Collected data
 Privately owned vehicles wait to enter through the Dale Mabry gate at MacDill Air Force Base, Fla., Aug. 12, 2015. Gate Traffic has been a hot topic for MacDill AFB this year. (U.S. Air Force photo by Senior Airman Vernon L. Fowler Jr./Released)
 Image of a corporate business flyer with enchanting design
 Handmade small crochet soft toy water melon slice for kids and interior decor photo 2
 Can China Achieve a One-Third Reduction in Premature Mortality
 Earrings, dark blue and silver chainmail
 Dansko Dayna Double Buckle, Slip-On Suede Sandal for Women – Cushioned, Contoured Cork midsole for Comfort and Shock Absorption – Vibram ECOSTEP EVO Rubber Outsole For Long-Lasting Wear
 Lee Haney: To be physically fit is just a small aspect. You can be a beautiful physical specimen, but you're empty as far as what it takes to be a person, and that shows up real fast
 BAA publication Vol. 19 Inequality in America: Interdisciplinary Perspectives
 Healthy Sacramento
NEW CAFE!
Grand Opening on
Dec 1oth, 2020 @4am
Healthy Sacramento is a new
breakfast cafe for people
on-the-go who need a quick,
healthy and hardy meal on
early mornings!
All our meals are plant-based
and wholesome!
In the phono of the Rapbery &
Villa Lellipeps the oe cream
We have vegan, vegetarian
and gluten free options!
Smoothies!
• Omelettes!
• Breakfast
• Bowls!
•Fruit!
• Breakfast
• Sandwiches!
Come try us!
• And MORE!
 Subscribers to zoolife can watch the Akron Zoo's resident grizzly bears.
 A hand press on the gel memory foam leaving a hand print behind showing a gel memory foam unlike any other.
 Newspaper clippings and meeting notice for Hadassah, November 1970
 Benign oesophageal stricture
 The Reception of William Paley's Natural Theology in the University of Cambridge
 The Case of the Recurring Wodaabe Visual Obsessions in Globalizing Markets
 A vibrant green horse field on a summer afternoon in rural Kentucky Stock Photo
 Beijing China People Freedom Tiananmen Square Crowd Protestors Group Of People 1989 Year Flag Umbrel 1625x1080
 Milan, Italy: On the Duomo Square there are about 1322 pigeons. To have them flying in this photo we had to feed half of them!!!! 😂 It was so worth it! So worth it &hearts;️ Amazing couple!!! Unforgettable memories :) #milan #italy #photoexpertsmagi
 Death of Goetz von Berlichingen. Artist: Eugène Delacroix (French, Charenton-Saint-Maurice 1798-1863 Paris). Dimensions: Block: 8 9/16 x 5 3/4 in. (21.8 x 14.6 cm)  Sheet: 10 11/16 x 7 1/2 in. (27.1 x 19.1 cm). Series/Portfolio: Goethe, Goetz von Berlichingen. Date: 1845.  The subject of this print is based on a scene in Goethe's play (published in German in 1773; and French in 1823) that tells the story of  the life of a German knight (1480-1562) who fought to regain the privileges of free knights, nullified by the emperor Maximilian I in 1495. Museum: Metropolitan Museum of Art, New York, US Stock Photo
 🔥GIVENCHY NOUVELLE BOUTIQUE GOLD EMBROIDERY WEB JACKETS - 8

AIM OF THE EXERCISE
Give back all of the data exactly, with every line intact.

ANSWER FOR THIS EXERCISE
 Privately owned vehicles wait to enter through the Dale Mabry gate at MacDill Air Force Base, Fla., Aug. 12, 2015. Gate Traffic has been a hot topic for MacDill AFB this year. (U.S. Air Force photo by Senior Airman Vernon L. Fowler Jr./Released)
 Image of a corporate business flyer with enchanting design
 Handmade small crochet soft toy water melon slice for kids and interior decor photo 2
 Can China Achieve a One-Third Reduction in Premature Mortality
 Earrings, dark blue and silver chainmail
 Dansko Dayna Double Buckle, Slip-On Suede Sandal for Women – Cushioned, Contoured Cork midsole for Comfort and Shock Absorption – Vibram ECOSTEP EVO Rubber Outsole For Long-Lasting Wear
 Lee Haney: To be physically fit is just a small aspect. You can be a beautiful physical specimen, but you're empty as far as what it takes to be a person, and that shows up real fast
 BAA publication Vol. 19 Inequality in America: Interdisciplinary Perspectives
 Healthy Sacramento
NEW CAFE!
Grand Opening on
Dec 1oth, 2020 @4am
Healthy Sacramento is a new
breakfast cafe for people
on-the-go who need a quick,
healthy and hardy meal on
early mornings!
All our meals are plant-based
and wholesome!
In the phono of the Rapbery &
Villa Lellipeps the oe cream
We have vegan, vegetarian
and gluten free options!
Smoothies!
• Omelettes!
• Breakfast
• Bowls!
•Fruit!
• Breakfast
• Sandwiches!
Come try us!
• And MORE!
 Subscribers to zoolife can watch the Akron Zoo's resident grizzly bears.
 A hand press on the gel memory foam leaving a hand print behind showing a gel memory foam unlike any other.
 Newspaper clippings and meeting notice for Hadassah, November 1970
 Benign oesophageal stricture
 The Reception of William Paley's Natural Theology in the University of Cambridge
 The Case of the Recurring Wodaabe Visual Obsessions in Globalizing Markets
 A vibrant green horse field on a summer afternoon in rural Kentucky Stock Photo
 Beijing China People Freedom Tiananmen Square Crowd Protestors Group Of People 1989 Year Flag Umbrel 1625x1080
 Milan, Italy: On the Duomo Square there are about 1322 pigeons. To have them flying in this photo we had to feed half of them!!!! 😂 It was so worth it! So worth it &hearts;️ Amazing couple!!! Unforgettable memories :) #milan #italy #photoexpertsmagi
 Death of Goetz von Berlichingen. Artist: Eugène Delacroix (French, Charenton-Saint-Maurice 1798-1863 Paris). Dimensions: Block: 8 9/16 x 5 3/4 in. (21.8 x 14.6 cm)  Sheet: 10 11/16 x 7 1/2 in. (27.1 x 19.1 cm). Series/Portfolio: Goethe, Goetz von Berlichingen. Date: 1845.  The subject of this print is based on a scene in Goethe's play (published in German in 1773; and French in 1823) that tells the story of  the life of a German knight (1480-1562) who fought to regain the privileges of free knights, nullified by the emperor Maximilian I in 1495. Museum: Metropolitan Museum of Art, New York, US Stock Photo
 🔥GIVENCHY NOUVELLE BOUTIQUE GOLD EMBROIDERY WEB JACKETS - 8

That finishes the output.